Description of problem: On remap/attach of the device, there is no way for rbd-nbd to defend if the backend storage is matching with the initial backend storage. Say, if an initial map request for backend "pool1/image1" got mapped to /dev/nbd0 and the userspace process is terminated/detached. A next remap/attach request within reattach-timeout is allowed to use /dev/nbd0 for a different backend "pool1/image2" For example, an operation like below could be dangerous: $ sudo rbd-nbd map --try-netlink rbd-pool/ext4-image /dev/nbd0 $ sudo blkid /dev/nbd0 /dev/nbd0: UUID="bfc444b4-64b1-418f-8b36-6e0d170cfc04" TYPE="ext4" $ sudo pkill 15 rbd-nbd <- nodeplugin terminate $ sudo rbd-nbd attach --try-netlink --device /dev/nbd0 rbd-pool/xfs-image /dev/nbd0 $ sudo blkid /dev/nbd0 /dev/nbd0: UUID="d29bf343-6570-4069-a9ea-2fa156ced908" TYPE="xfs" Version-Release number of selected component (if applicable): How reproducible: 100% Steps to Reproduce: Provided above.
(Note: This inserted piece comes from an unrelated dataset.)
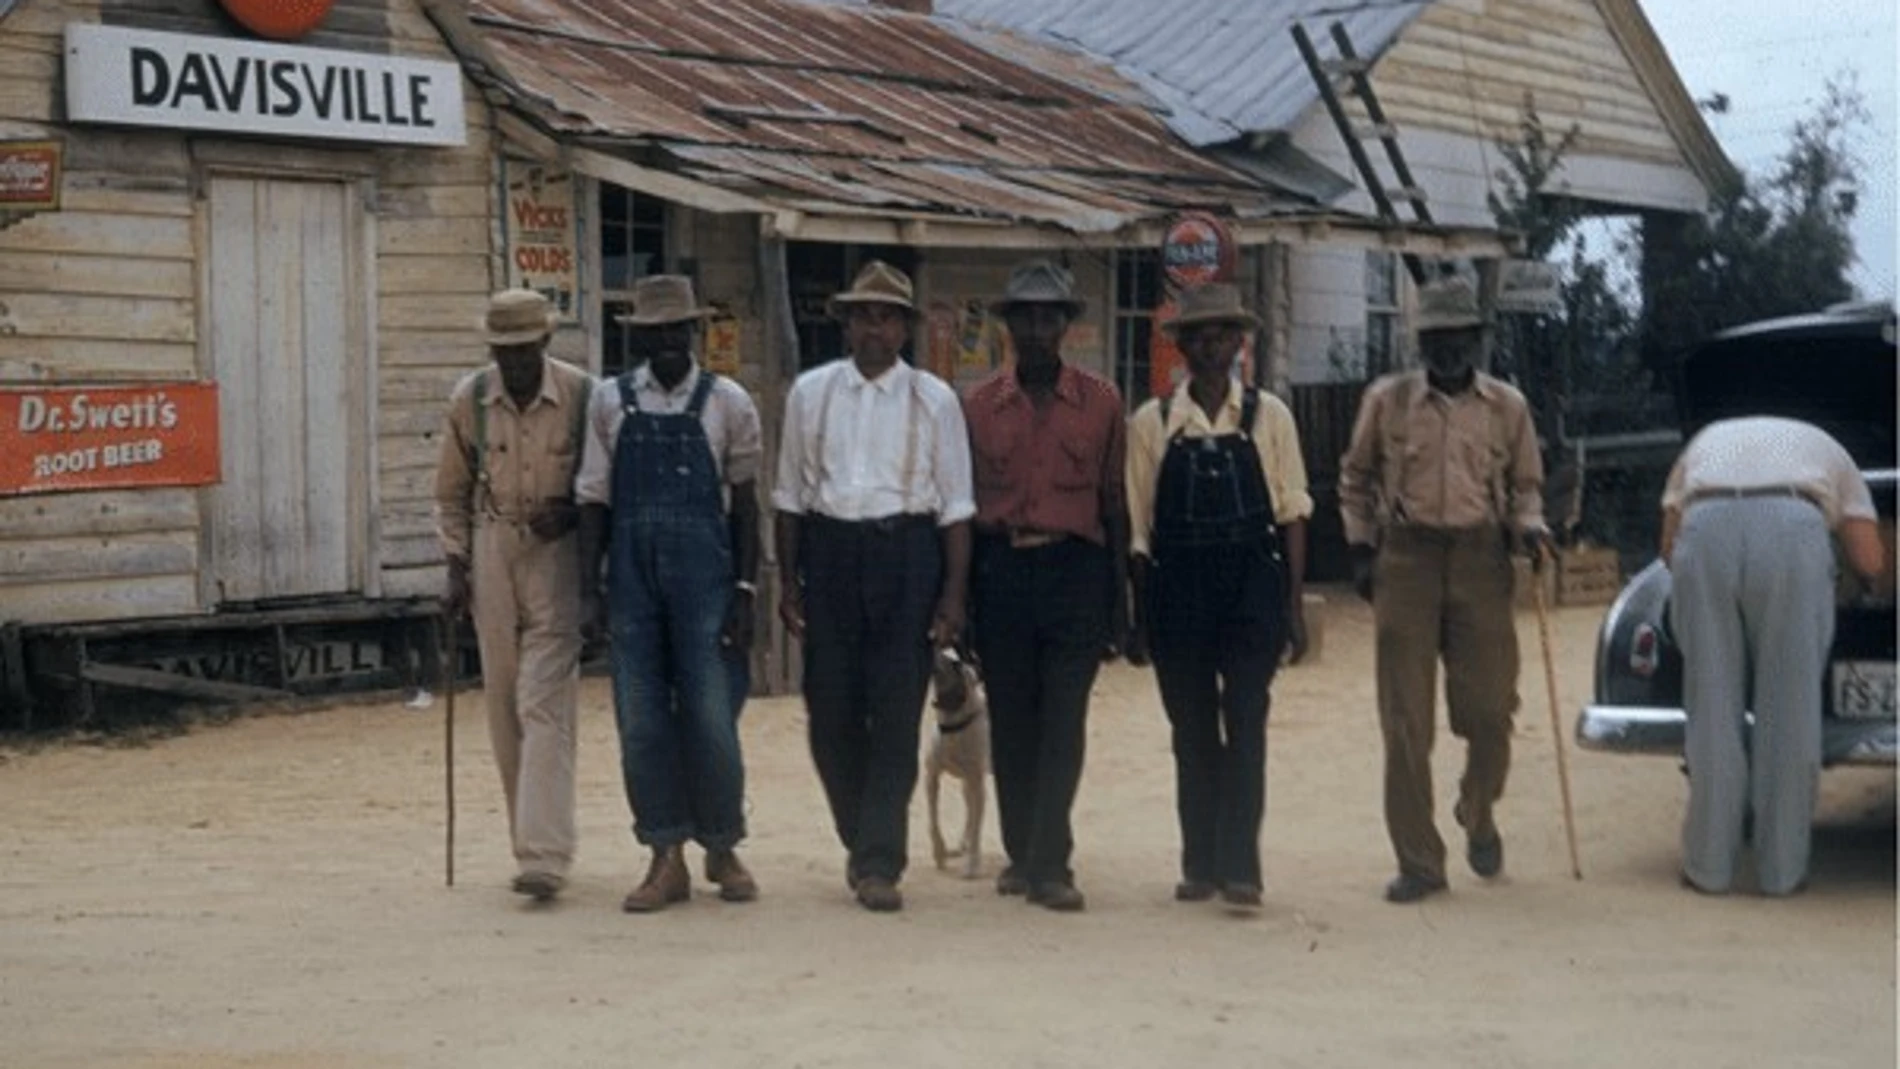 Fotografía de algunos de los sujetos víctima del experimento Tuskegee.

Actual results: Attach accepts other backend images, which is dangerous. Expected results: Attach should reject other backends for a given device. Additional info: https://tracker.ceph.com/issues/53046 https://github.com/ceph/ceph/pull/41323
Please specify the severity of this bug. Severity is defined here: https://bugzilla.redhat.com/page.cgi?id=fields.html#bug_severity.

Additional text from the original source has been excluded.